Last, there is the nasty topic of sex crimes. Let’s be clear from the start: these are not an unfortunate form of sex. They are crimes that use sex. Like any other crime, they are completely the business of government. I’d maintain that since they affect people at a point of maximum vulnerability and can poison much of life’s joy, they should be dealt with much more severely than nonsexual crimes. Other crimes that attack vulnerable people are penalized more severely, or at least are supposed to be, such as profiteering in time of disaster or violence against toddlers.
The hallmark of a sex crime is the lack of consent, which of course implies that if consent can’t be given, a crime has been perpetrated regardless of any other factor. So, for mentally competent adults to have sex with the mentally incompetent or with children is, ipso facto, criminal. Sex among young but sexually mature adolescents is a much grayer area. If no abuse of any kind of power is involved, then it’s hard to see how it could be called criminal, although each case would need to be considered on its own merits. As with gray areas in other aspects of life, the fact that they exist does not change the clarity of the obvious cases. It’s simply another situation where the rules are the same — in this case that sex must be consensual — which means that the remedies may vary.
Another favorite bugbear of the restrictive sexuality proponents is that any freedom will lead to no limits at all. What, they worry, will stop people from marrying dogs? The answer is so blazingly obvious, the question wouldn’t even occur to a normal human being, but since there seem to be some very odd people around, I’ll be explicit. An animal can’t consent, so bestiality comes under the category of cruelty to animals.
Parents
The current concept of parenting goes right back to the one provided by Nature: it’s something for everyone to do to the maximum extent compatible with survival. This works well in Nature’s merciless biological context. It produces lots of extra offspring, who are selected against if they’re less adaptable than their peers, and over time the species gets better and better. To put it in plain English, the system works if enough children die young.
As human beings, we’re having none of that, and we’ve been quite successful at the not-dying-young part. But we’re still determined to follow Nature’s program as far as maximum parenting goes. This has not been working out well for us. We’re an ecological disaster, all by ourselves.
It’s important to fully absorb the fact that Nature always wins. There is no way to continue overpopulating the planet and to also get off scotfree. It isn’t going to happen. We may be able to put many more people on the planet than we once thought possible, but space on the earth is finite and reproduction is not. There is no way, no way at all, to avoid Nature’s death control if we humans don’t practice birth control first. One way or the other, our numbers will get controlled. We don’t get to choose to reproduce without limits. We only get to choose whether the limits are easy or lethal.

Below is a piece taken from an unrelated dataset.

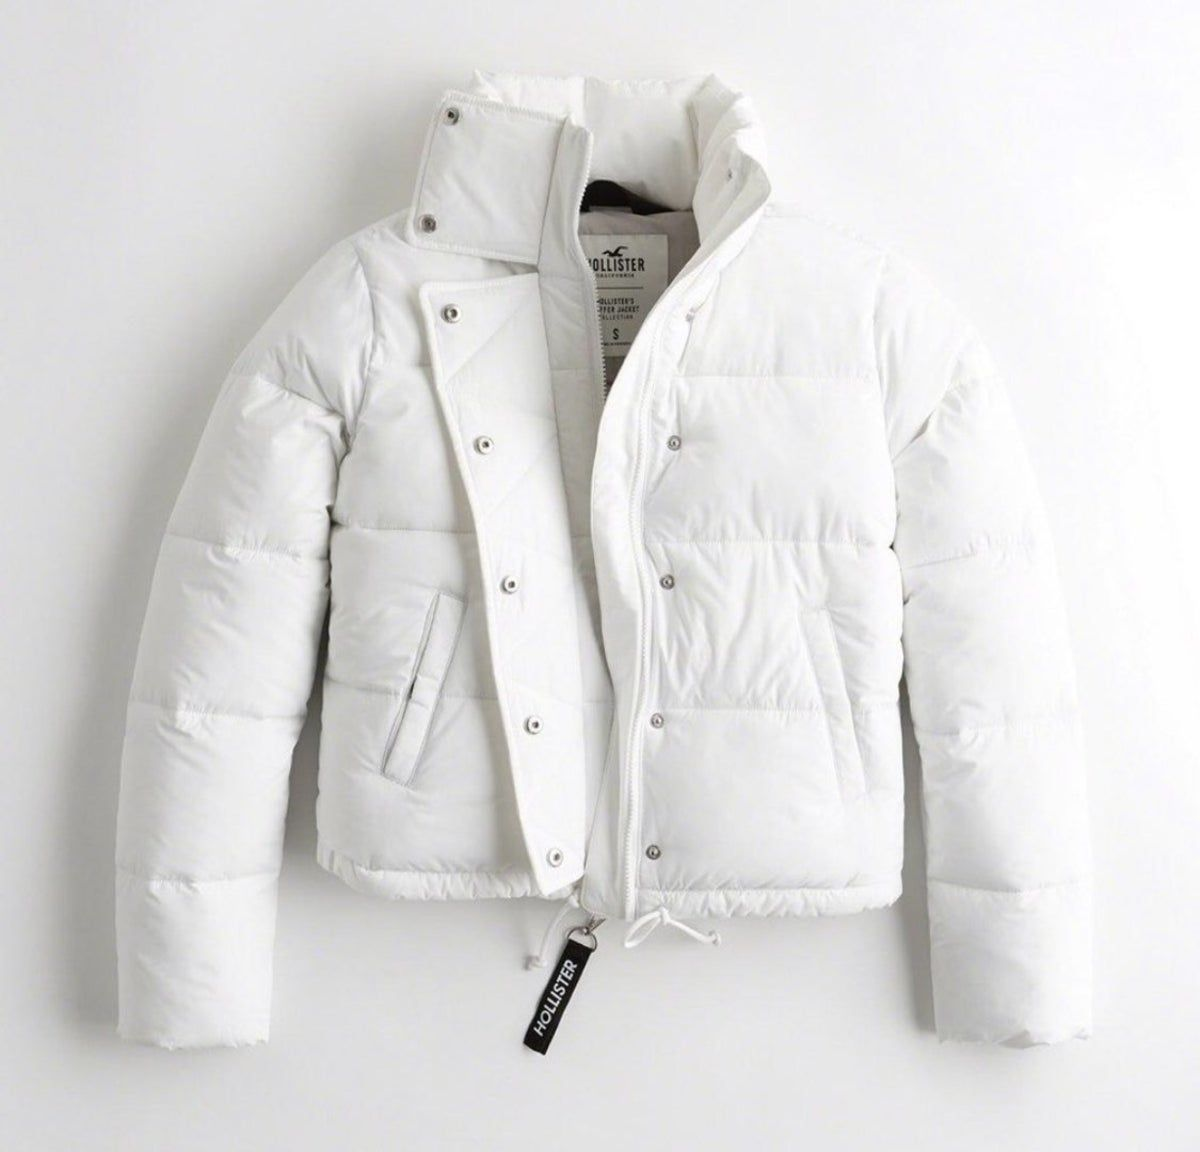 White Mock Neck Puffer Jacket Puffer Jacket Outfit Jackets White Puffer Jacket Outfit [ 1152 x 1200 Pixel ]

The limits themselves are a matter of biological fact within the bounds set by what one sees as an acceptable lifestyle. The earth can hold more people who have one mat and one meal a day than people who want two cars and a summer house. That’s why estimates of the Earth’s carrying capacity for human beings can vary all the way from 40 billion down to two billion.
However, it’s academic at this point what a desirable carrying capacity might be because under any comfortable lifestyle scenario we’re already either above that level or very close to it. (AAAS, 2000) It’s becoming more critical by the day to at least stabilize population, and preferably to reduce it to a less borderline level. On the other hand, without totalitarian controls and a good deal of human suffering, it seems impractical to try to limit people to fewer than two children per couple. So the answer to our current reproductive limits is rather clear, even without extensive studies.
The good news is that two children per couple is actually slightly below replacement levels because not everyone reproduces, and of those who do, some have only one child. That limit would allow for a very gradual reduction of our over-population until some previously agreed, sustainable level was achieved. At that point, an egalitarian system — a raffle of sorts, perhaps — could be applied to fairly distribute the occasional third child permit.
In the real world, it’s not always couples who raise children, although I’ve been discussing it that way because it takes a pair to produce them. (Yes, I’m aware that with new genetic engineering methods it can get more complicated than that. However, it’s still about people producing children, and the number of children per person doesn’t change based on the means of production. Only the method of doing the math changes.) The right to have children should, obviously, apply to everyone equally, but there’s the usual stumbling block that although the number of children women have is not subject to doubt, the number of children men have can be much harder to guess. A fair method requires some way to determine who is the male parent, and in this technological age that’s easy. All that remains is to apply the methods we already have.
And, no, that would not be a DNA test one could refuse. The socially essential function of fairly distributing the right to have children takes precedence over the right to refuse to pass a toothpick over the inner cheek cells to provide a sample. It’s a parallel case to the requirement for vaccinations in the face of an epidemic.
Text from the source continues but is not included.